Gradient w.r.t \(\text{pre\_acts}\):
\[ \nabla_{\text{pre\_acts}}\mathcal{L} = \nabla_{\text{acts}}\mathcal{L} \odot \nabla_{\text{pre\_acts}}\text{acts} \]
- \(\nabla_{\text{pre\_acts}}\text{acts}\) is a binary mask of active neurons.
Variance of \(\nabla_{\text{pre\_acts}}\mathcal{L}\):
\[ \text{Var}(\nabla_{\text{pre\_acts}}\mathcal{L}) = \text{Var}(\nabla_{\text{acts}}\mathcal{L}) \times p_\text{active} \]
- \(p_\text{active}\) is the probability that a neuron is active (approximately constant).
Dependence on Decoder Weights (\(W_\text{dec}\))
\[ \nabla_{\text{acts}}\mathcal{L} = \nabla_{\text{recon}}\mathcal{L} \times W_\text{dec}^{\top} \]
\(W_\text{dec}^{\top}\) has dimensions \(d_\text{model} \times d_\text{sae}\).
As \(d_\text{sae}\) increases, \(W_\text{dec}\) becomes larger, affecting the variance of \(\nabla_{\text{acts}}\mathcal{L}\) and consequently \(\nabla_{\text{pre\_acts}}\mathcal{L}\).
Variance of Each Element in \(\nabla_{W_\text{enc}}\mathcal{L}\)
- Each element of \(\nabla_{W_\text{enc}}\mathcal{L}\) is computed as:
\[ [\nabla_{W_\text{enc}}\mathcal{L}]_{ij} = \sum_{n=1}^{\text{batch\_size}} \text{input\_acts}_{ni} \times [\nabla_{\text{pre\_acts}}\mathcal{L}]_{nj} \]

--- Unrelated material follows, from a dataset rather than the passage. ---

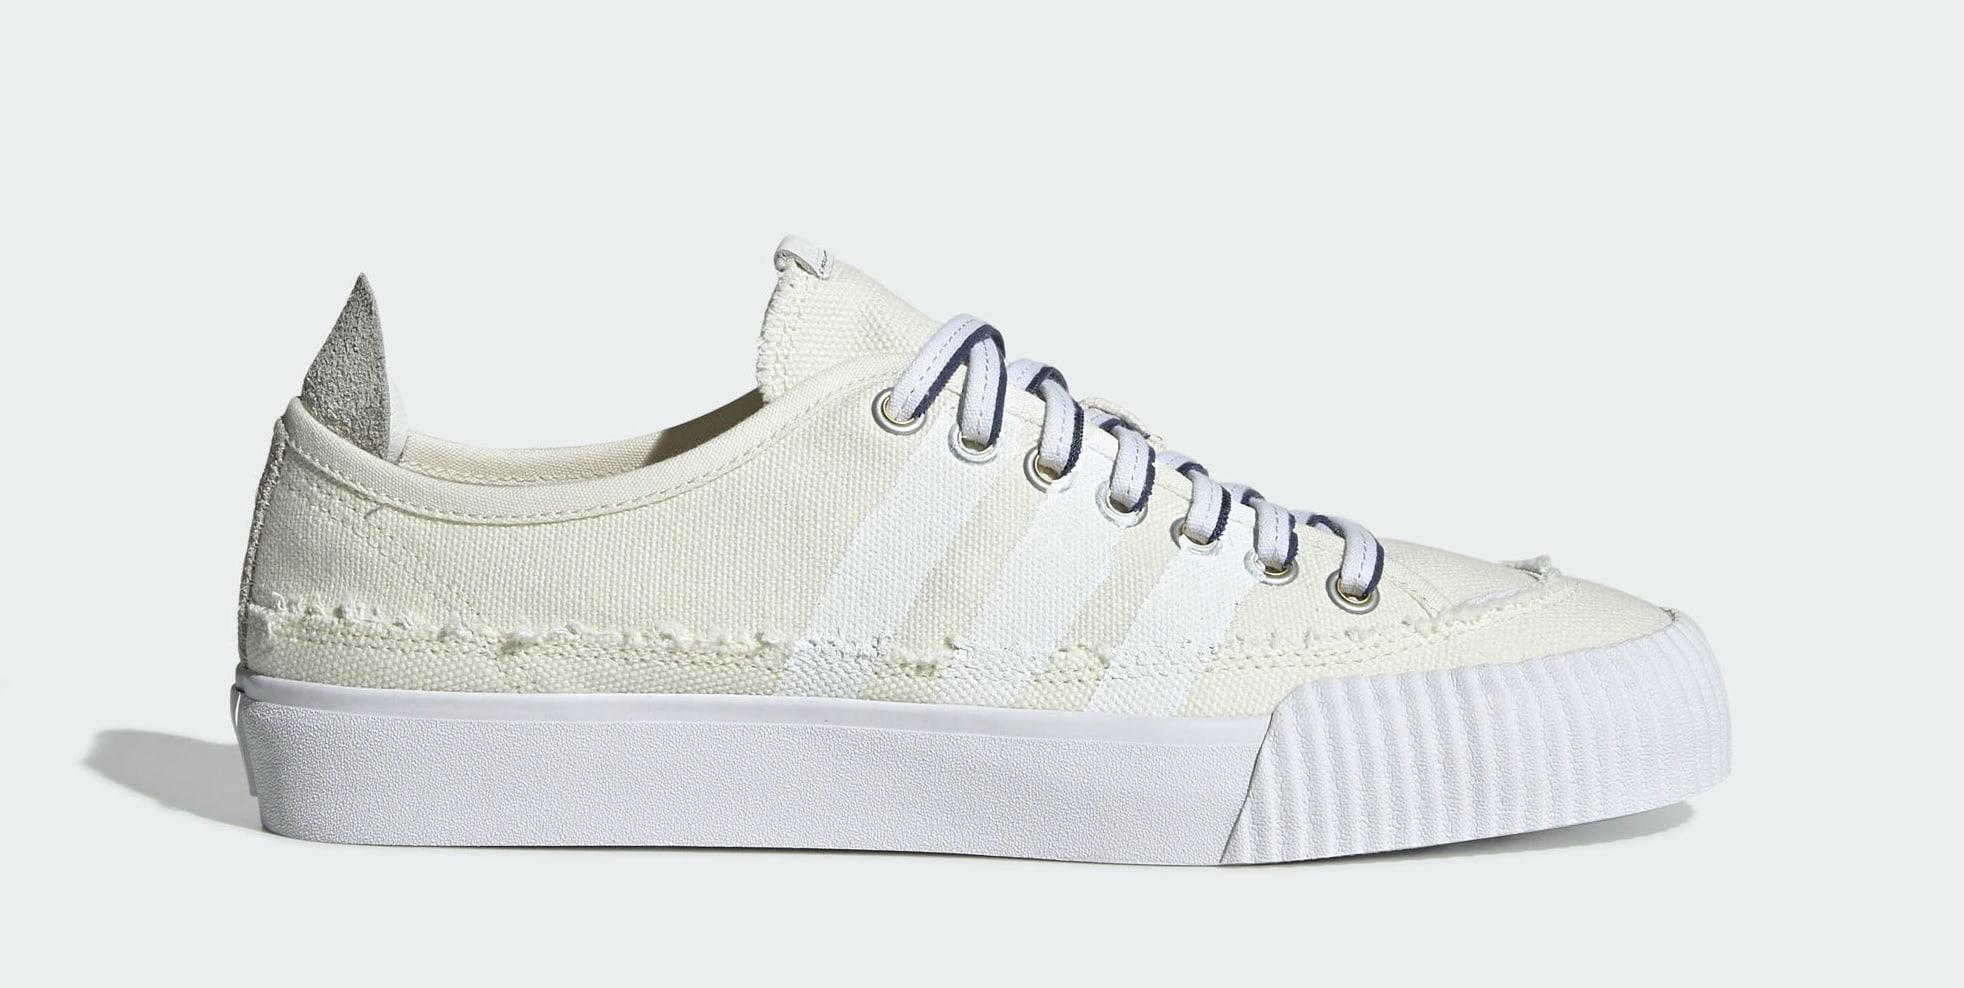 donald-glover-adidas-nizza-eg1761-release-date

The variance of each element depends on \(\text{Var}(\text{input\_acts})\) and \(\text{Var}(\nabla_{\text{pre\_acts}}\mathcal{L})\).
Since \(\text{Var}(\nabla_{\text{pre\_acts}}\mathcal{L})\) increases with \(d_\text{sae}\) (due to \(W_\text{dec}\)), the variance of each element in \(\nabla_{W_\text{enc}}\mathcal{L}\) also increases with \(d_\text{sae}\).
Scaling Total Number of Elements
Total number of elements in \(\nabla_{W_\text{enc}}\mathcal{L}\) is \(d_\text{model} \times d_\text{sae}\) (derived above).
- As \(d_\text{sae}\) increases, the total number of elements increases proportionally, scaling the magnitude of the gradient.